Task to complete => From the line containing "research here👇 bcbl.eu/es/noticias/po…" through the last line of the data, both ends included, write out every line exactly; omit the pictures.

Provided material =>
···

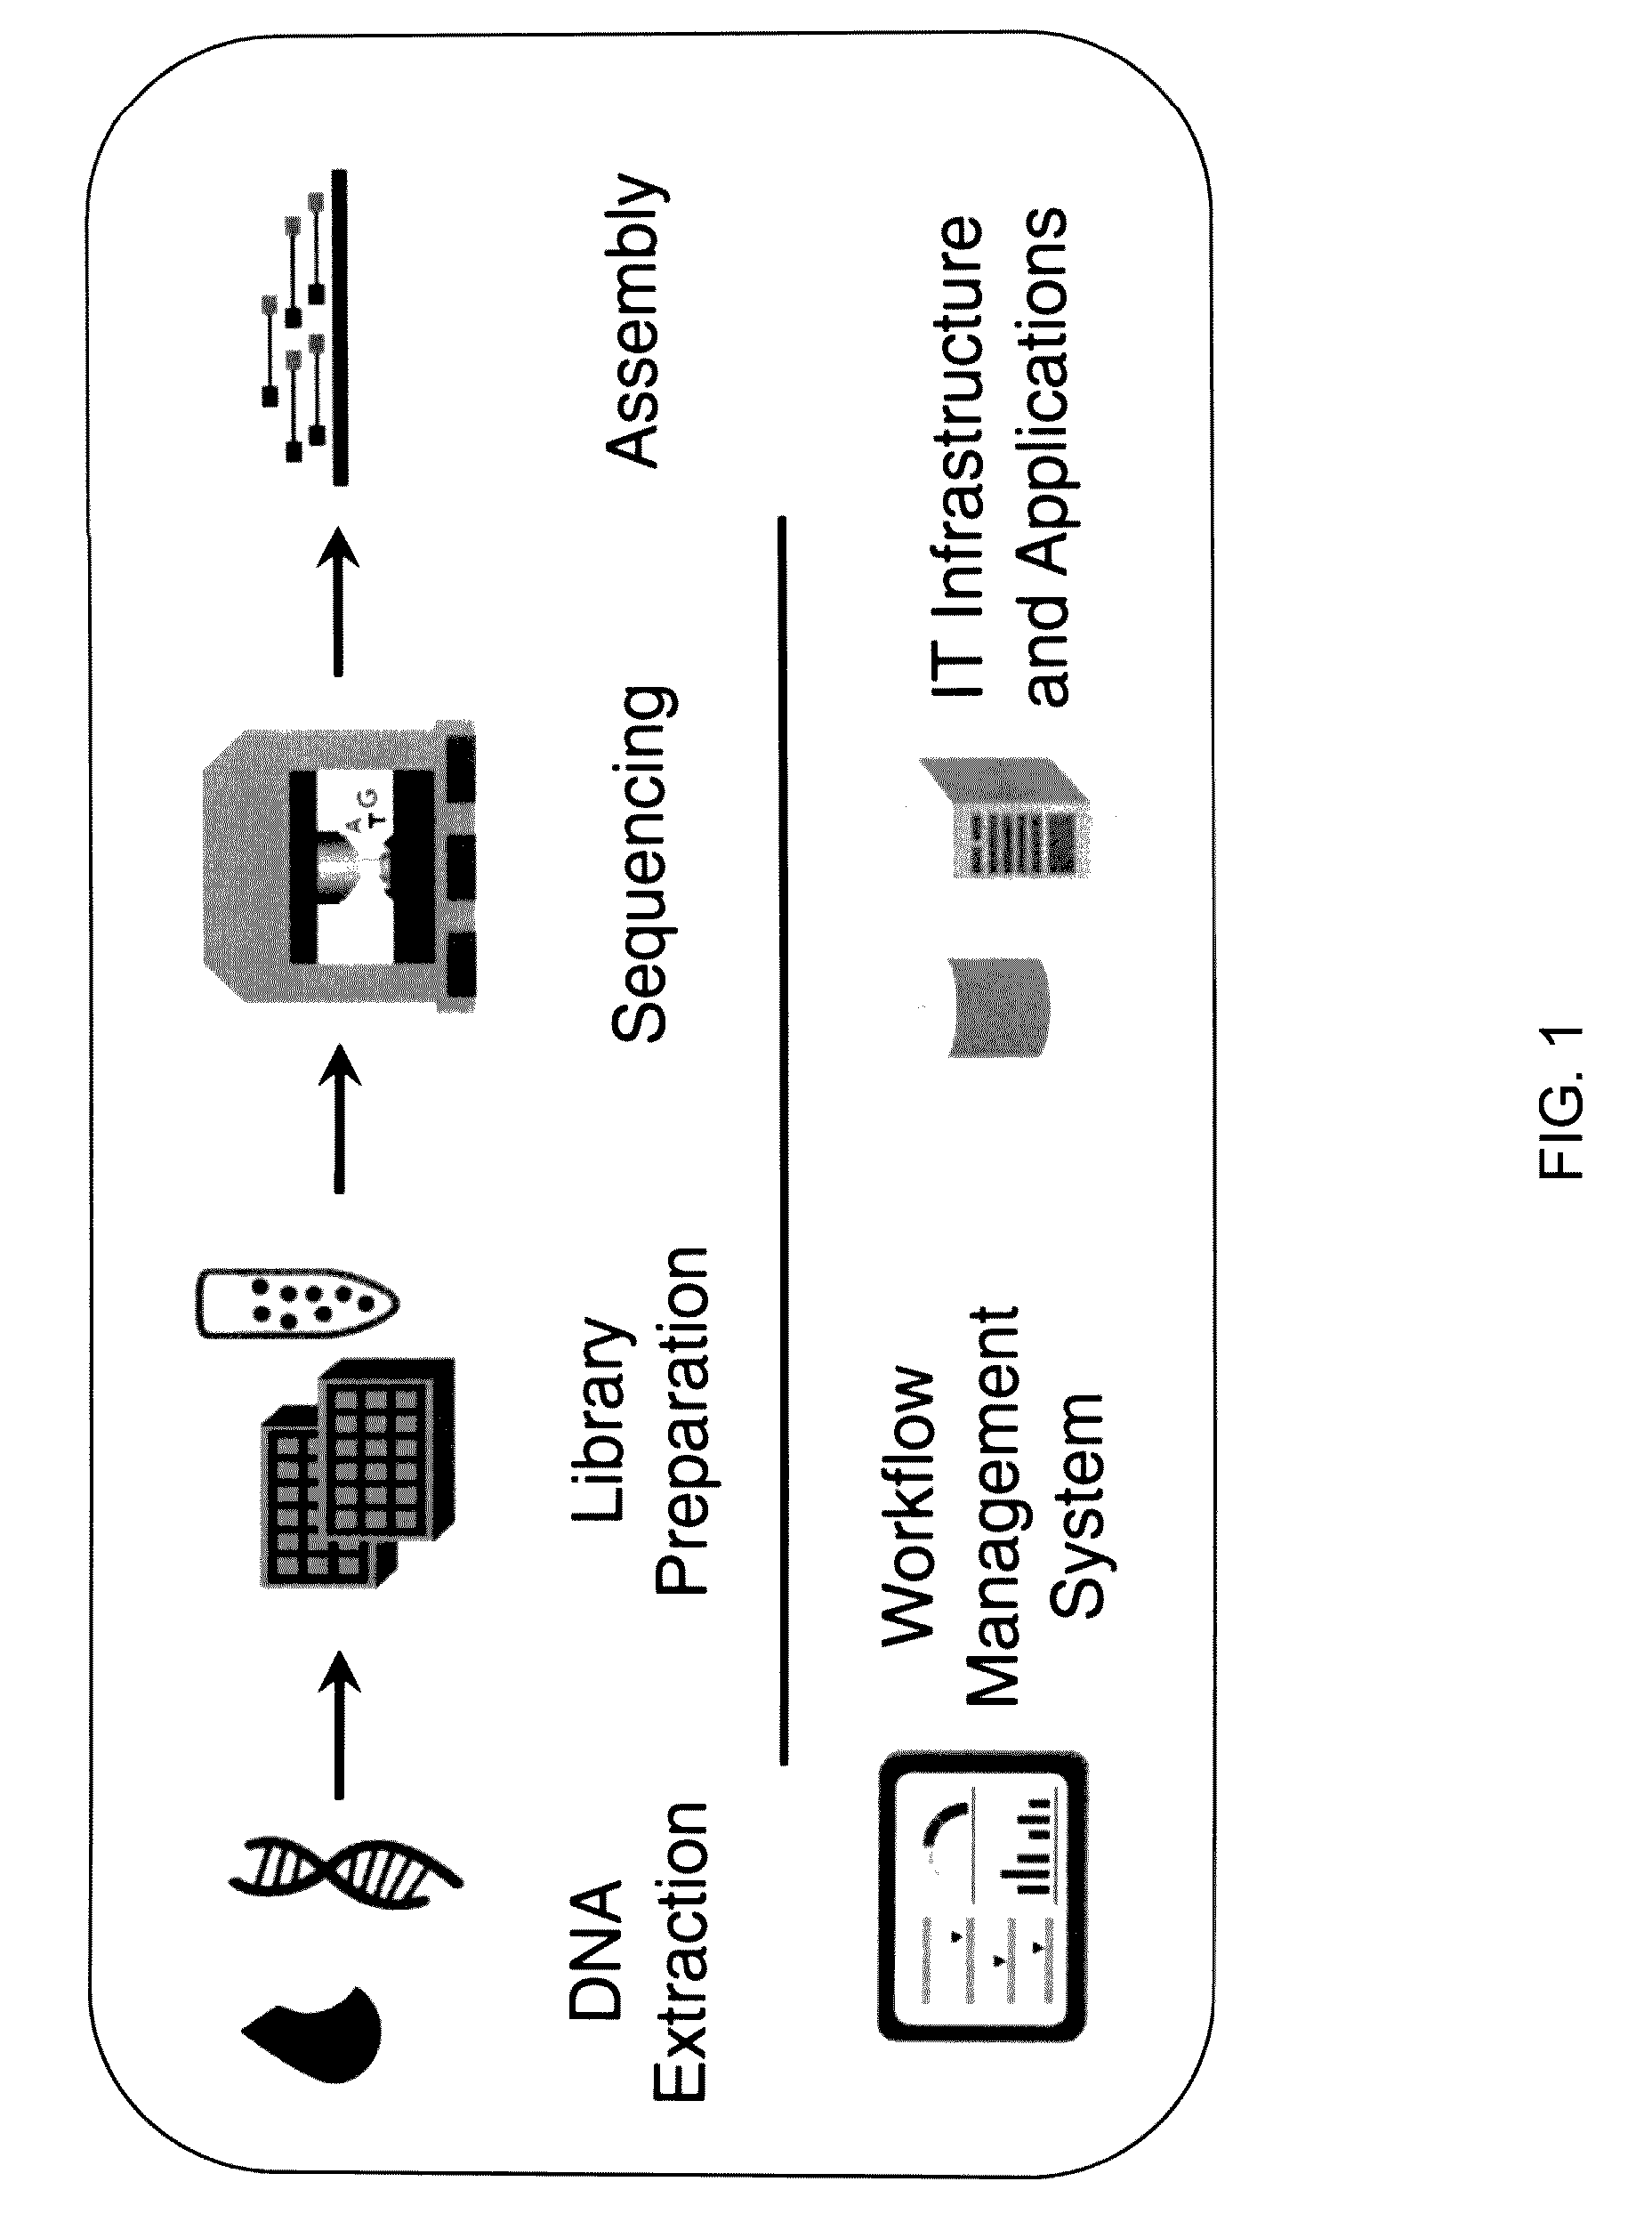 Integrated system for nucleic acid sequence and analysis
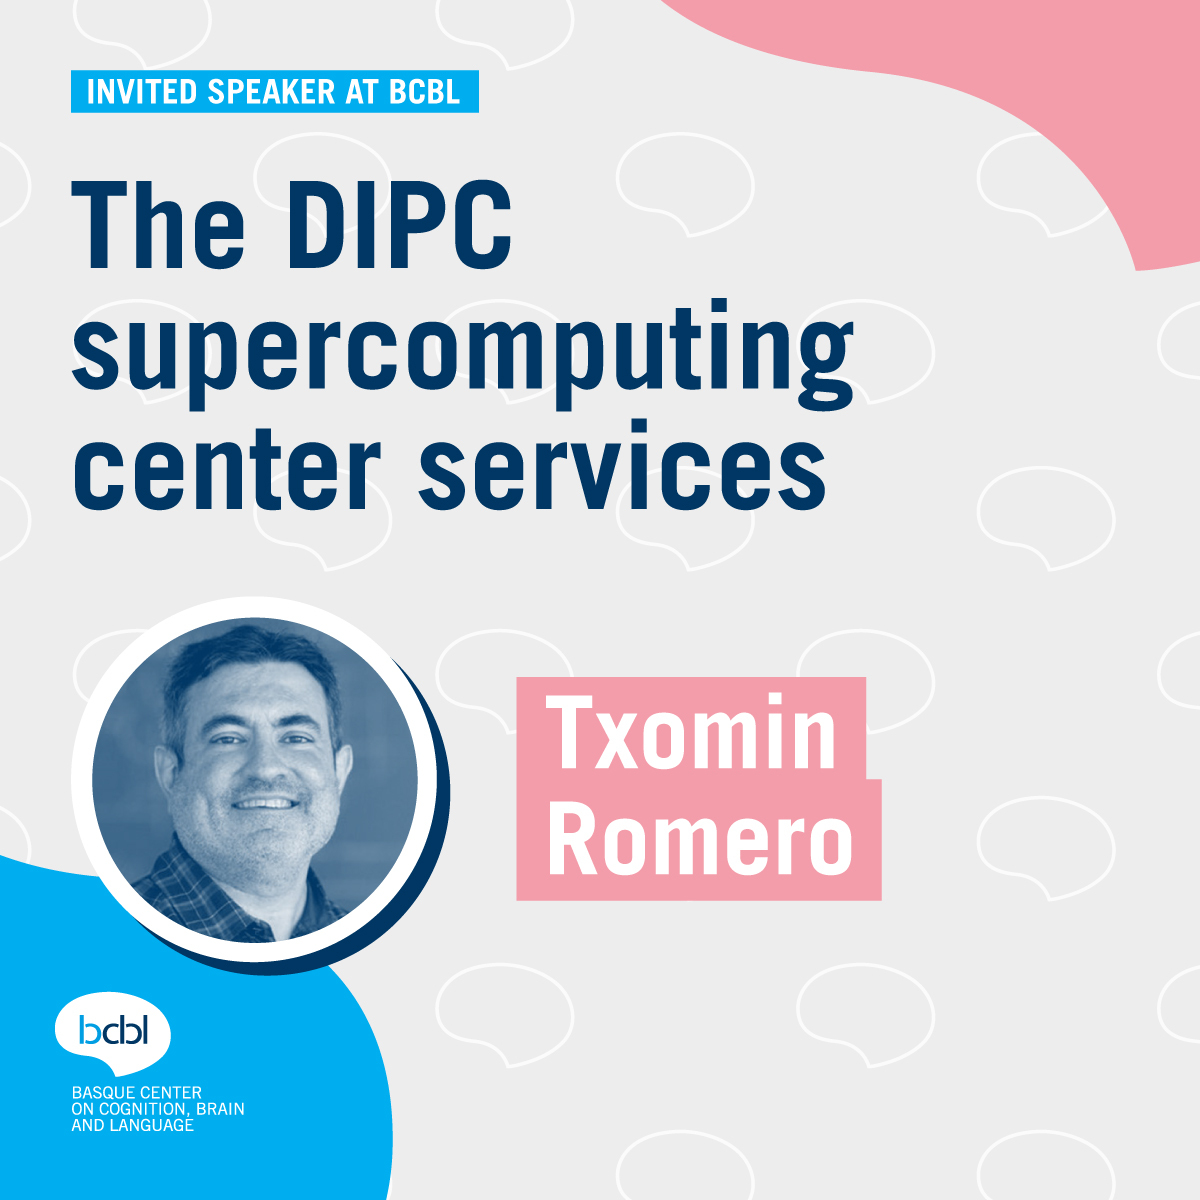 🗣️We have invited Txomin Romero, head of Supercomputing Center on @DIPCehu to speak to us about the DIPC Supercomputing Center services We are eager to learn more! Discover more about his research here👇 bcbl.eu/es/noticias/po…
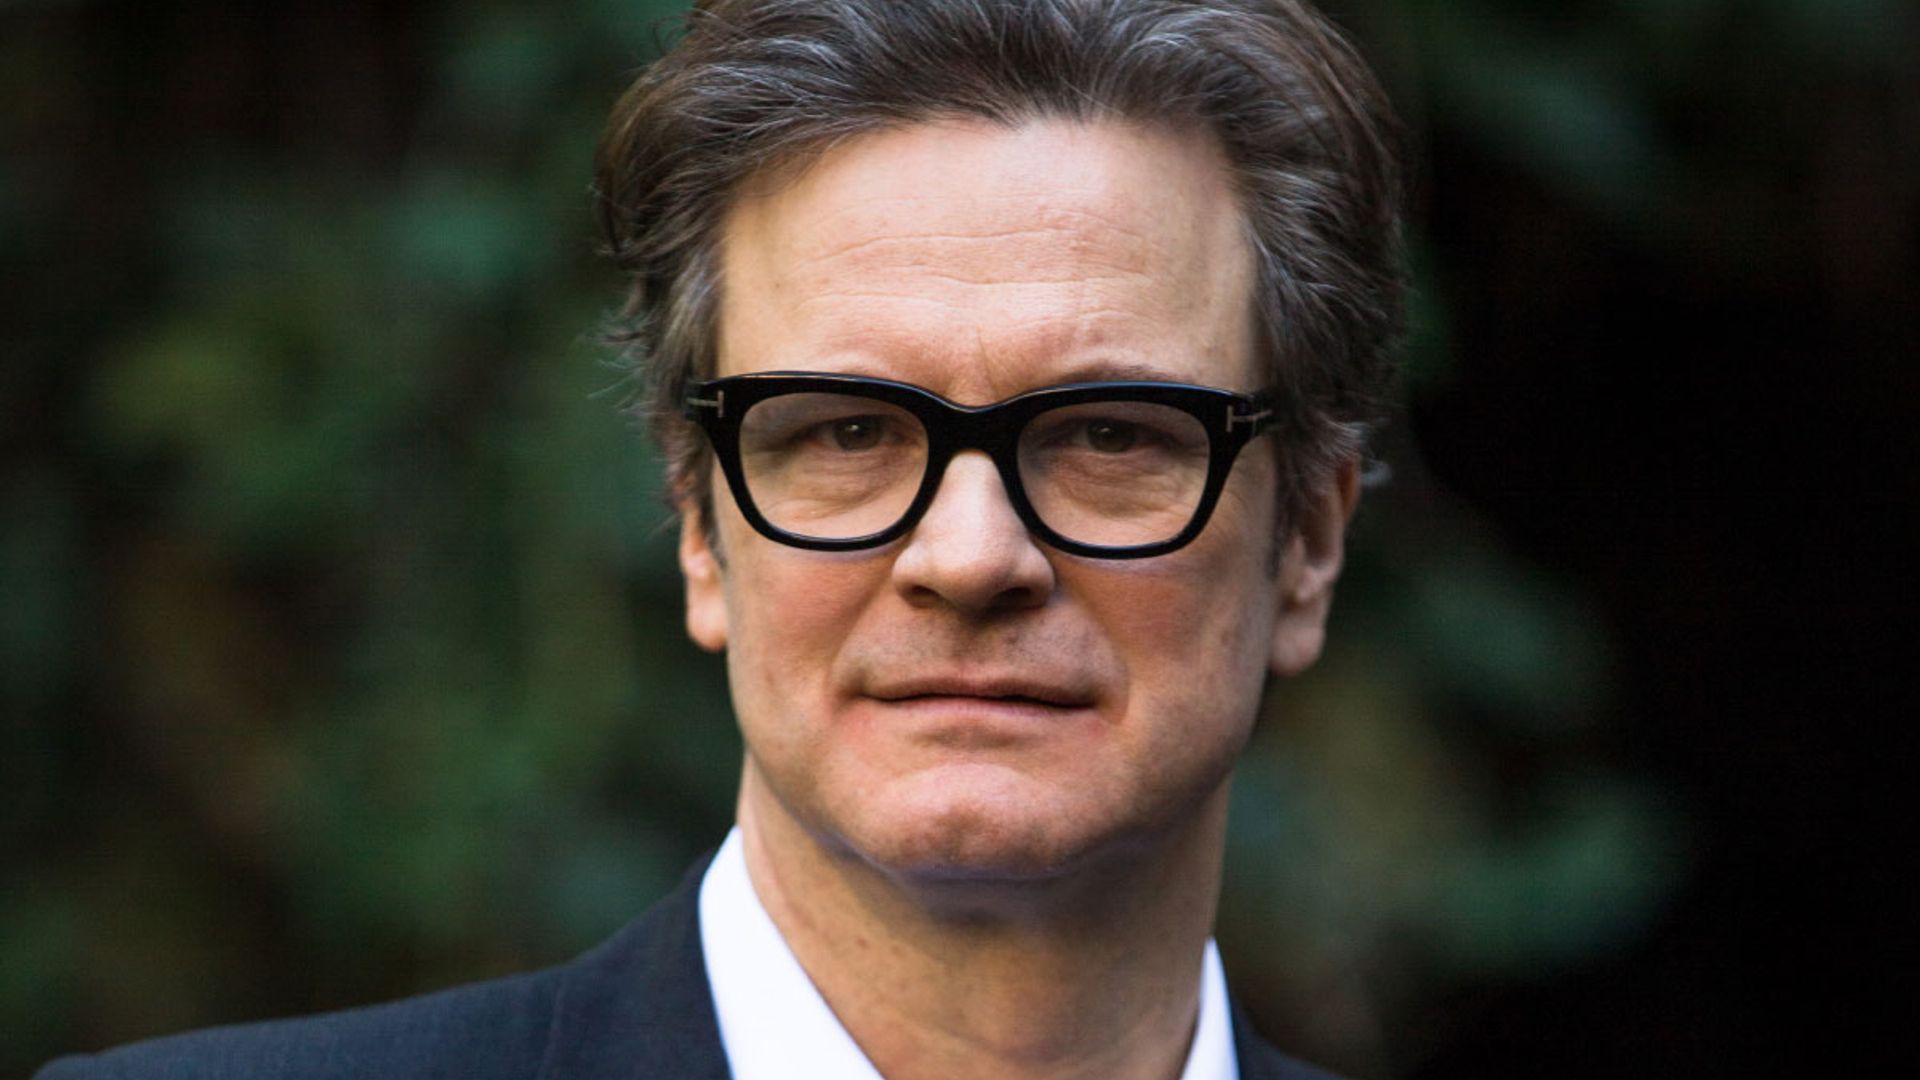 Colin Firth to make long-awaited return to television in new true-crime series

···

Result =>
 🗣️We have invited Txomin Romero, head of Supercomputing Center on @DIPCehu to speak to us about the DIPC Supercomputing Center services We are eager to learn more! Discover more about his research here👇 bcbl.eu/es/noticias/po…
 Colin Firth to make long-awaited return to television in new true-crime series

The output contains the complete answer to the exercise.